Строка 49 показывает, что сервер отправил в ответ. Обратите внимание, что в строке 54 комментарий «Должен быть пустой строкой». Когда вы отправляете имя пользователя и пароль, то, что вас больше всего беспокоит в ответе, — это статус HTTP. Комментарий в строке, которая выводит код состояния, гласит: «Код состояния должен быть 302». 302 — это HTTP-статус, который указывает браузеру перенаправить. Заголовки ответа будут содержать адрес, на который будет перенаправляться ваш браузер. Заголовки ответов также содержат файл cookie для проверки подлинности. Было бы неплохо, если бы это тоже было распечатано, это помогло бы понять, как все это работает. Код вручную выполняет перенаправление в строке 57, но предполагается, что он будет перенаправлен на защищенную страницу, к которой он пытался получить доступ в строке 31, а не извлекает этот адрес из заголовков HTTP-ответа.

Самое большое изменение client заключается в том, что в строке 57 client есть файл cookie аутентификации, аналогичный операции браузера. DefaultHttpClient обрабатывает все это для вас под капотом.

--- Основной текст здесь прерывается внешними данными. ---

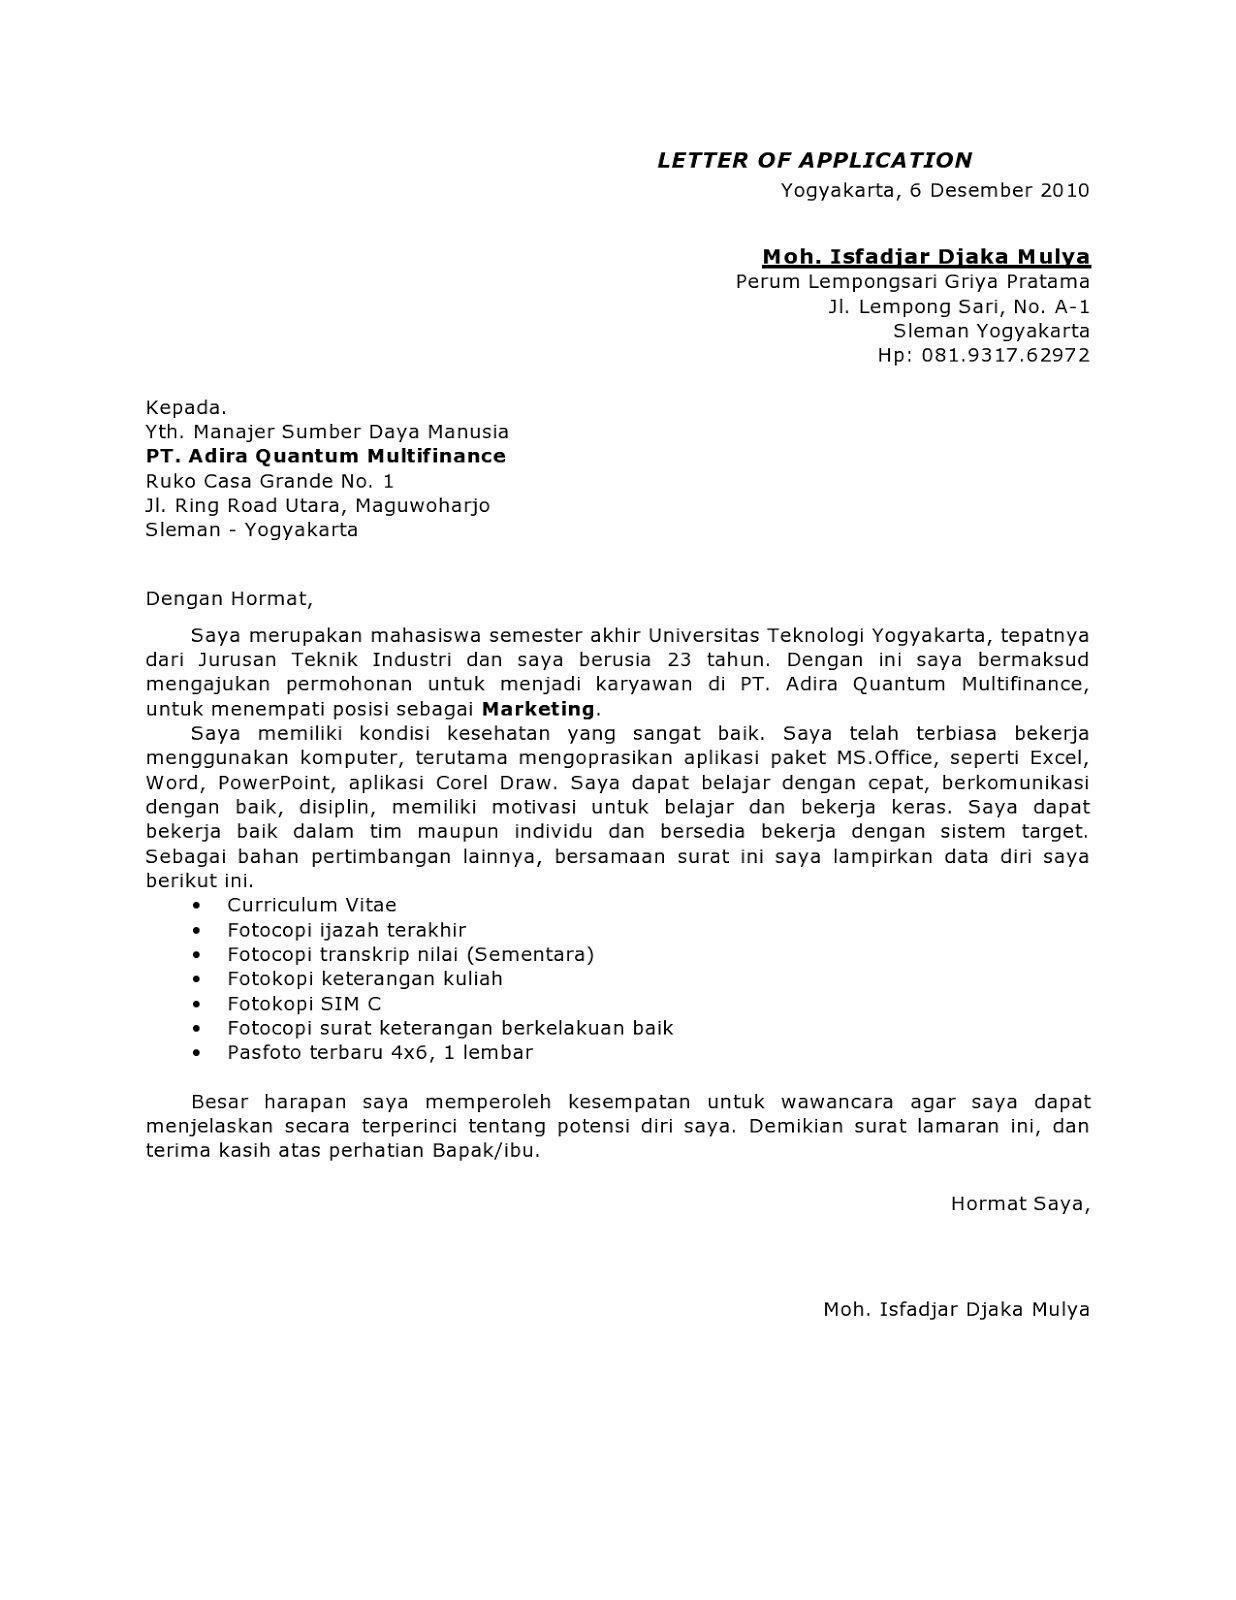 Contoh Surat Lamaran Kerja Adira Quantum Ben Jobs Cover

Файл cookie для аутентификации поступает с сервера в виде HTTP-заголовка Set-Cookie. Это указывает client на сохранение файла cookie. Затем, делая запрос, клиент отправляет HTTP-заголовок Cookie вместе с данными cookie.

client Первоначально система получает файл cookie в ответ, содержащий форму входа в систему, которую она сохраняет. Когда client файл cookie отправляет обратно заполненную форму, этот файл cookie также включается в запрос и каждый последующий запрос на сервер. Таким образом, после проверки подлинности сервер сохраняет эту информацию и связывает ее с файлом cookie. Затем, когда поступают последующие запросы от client , сервер видит файл cookie и запоминает, что вы уже прошли проверку подлинности. client Выполняет все те же действия, что и браузер для управления передачей данных cookie с сервера.

«/ j_security_check» — это конечная точка, используемая Spring Framework для проверки учетных данных пользователя (вы можете найти эту информацию здесь: http://docs.spring.io/spring-security/site/docs/3.2.4.RELEASE/reference/htmlsingle/#form-login-filter , конечной точкой по умолчанию является «/j_spring_security_check»).

Автор знал, что он / она должен был использовать этот URL-адрес, потому что он / она установил URL-адрес в конфигурации Spring Framework (он определен в элементе, для установки URL-адреса необходимо изменить атрибут «login-processing-url»).

Между строками 47 и 57 клиент был перенаправлен на другой URL и получил этот URL. URL-адрес, на который должен быть перенаправлен клиент, определяется атрибутом «default-target-url». Обратите внимание, что Spring Framework также может перенаправлять пользователя на URL, который он / она запросил до отображения страницы входа в систему.